Historically, Bastion Street is extremely interesting as it takes its name from a Bastion in the medieval town defences. On the Leinster side the town defences took the form of town walls – the first murage grant (or grant for building a wall) was made in 1251 and during the late medieval period these early defences were improved by the addition of the North Gate and the Dublin Gate (or East Gate) in the 16th century. In the seventeenth century Cromwell’s engineers further fortified the Leinster side defences by the building of stone bastions making Athlone the only Walled Town in Ireland to have bastions. Part of one of these bastions has been preserved just outside the Civic Centre in Church Street, while the stretch of Town Wall along the side of St Mary’s Church of Ireland has recently had extensive conservation work carried out on it.

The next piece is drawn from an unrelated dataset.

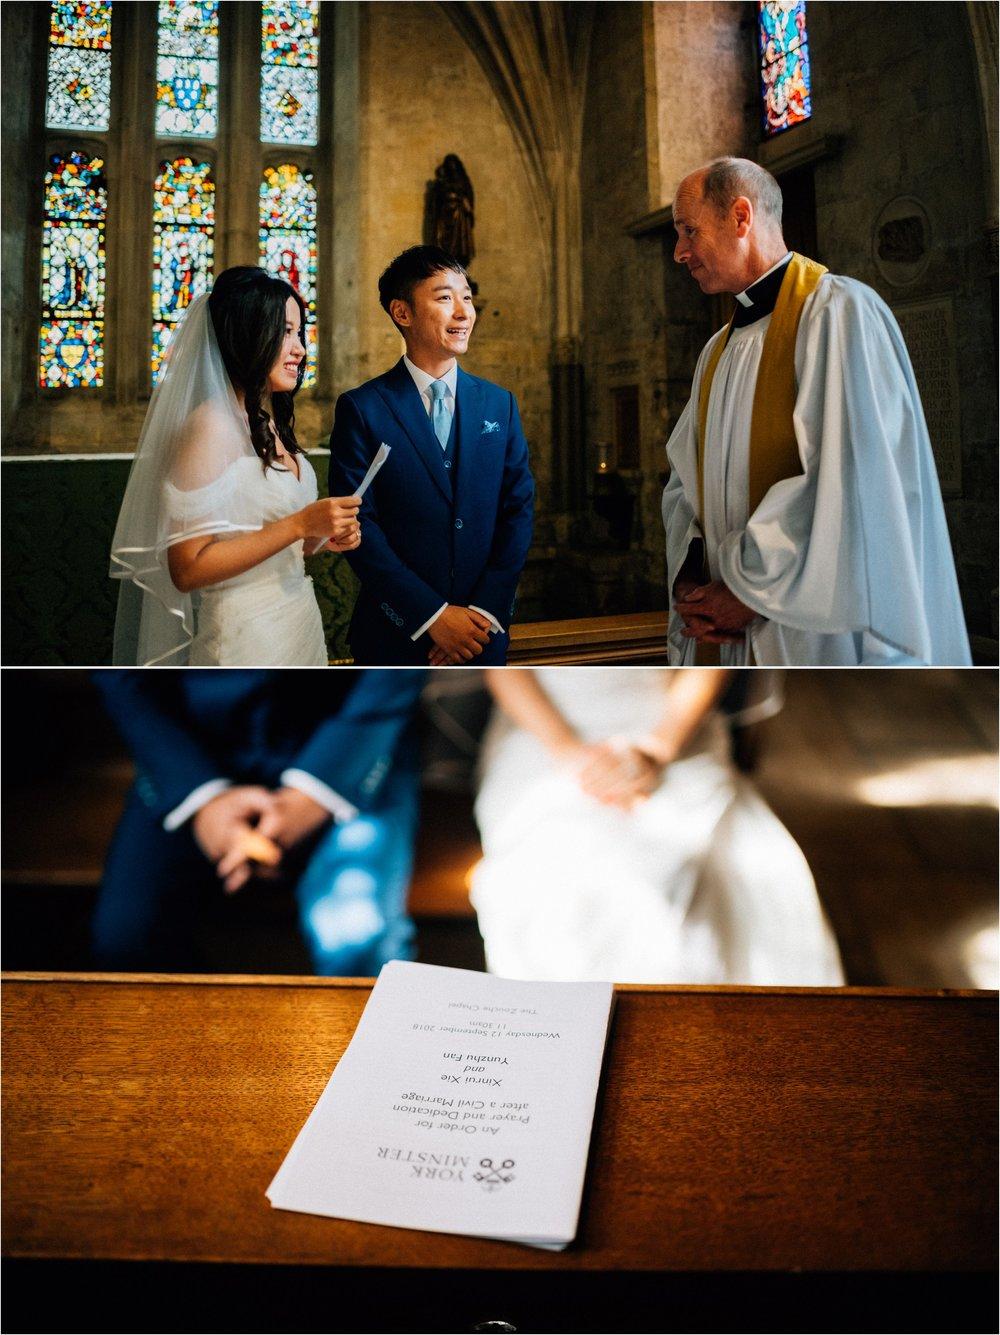 York city elopement wedding photographer_0131.jpg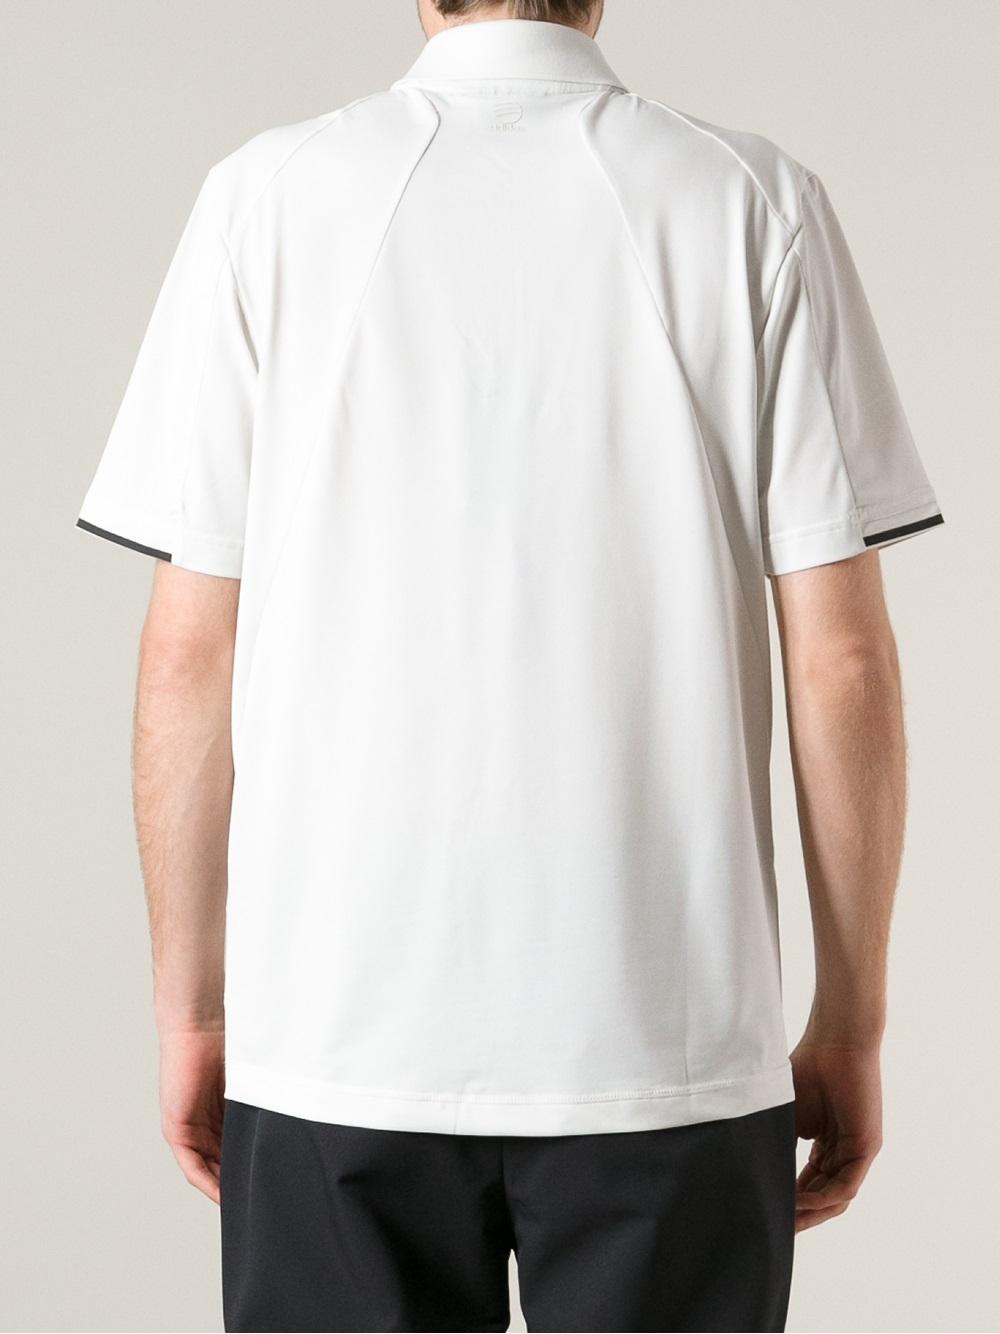 lyst porsche design branded jersey polo shirt in white. Black Bedroom Furniture Sets. Home Design Ideas

On the Connaught side of the town, apart from the fortifications of the Castle and the Connaught Tower, the next attempt to fortify the west town came in the 1650s when a series of earthen rampart walls and bastions were built creating a security circuit extending as far as the present Bastion Street, which takes both its name and outline from part of one of these bastions. Because of the nature of these defences and the fact that they were probably largely destroyed during the Williamite bombardments of the Castle and its environs we know comparatively little about the western defences of Athlone apart from what we can see on maps. Later defences of the western town included the Batteries which were built during the Napoleonic era, the last evidence of which is the substantial remains of the No 1 Battery.
Bastion Street
Bastion Street we believe, forms the central axis of the West Bastion. The ‘nose’ of the bastion was at the junction of O’Connell Street and Grattan Row, and the southern flank of the bastion was in Grattan Row. In other words, much of the shape of this streetscape was dictated by the lay-out of the bastion. The bastion which gives the street its name dates to the early to mid-1650s. On an estate map of 1784 the street we now call Grattan Row was marked ‘old road’, and before it became Grattan Row it was Chapel Lane (north) – Grattan Row probably dates to the 1890s, the houses were certainly occupied by the time of the 1901 Census, and like much of this area this street was developed by the Lyster family, one of Athlone’s premier building contractors in Victorian times.
In 1756 the street we now know as Bastion Street was referred to as Royal Bastion, the term Bastion Street seems to have come into use by the mid-nineteenth century.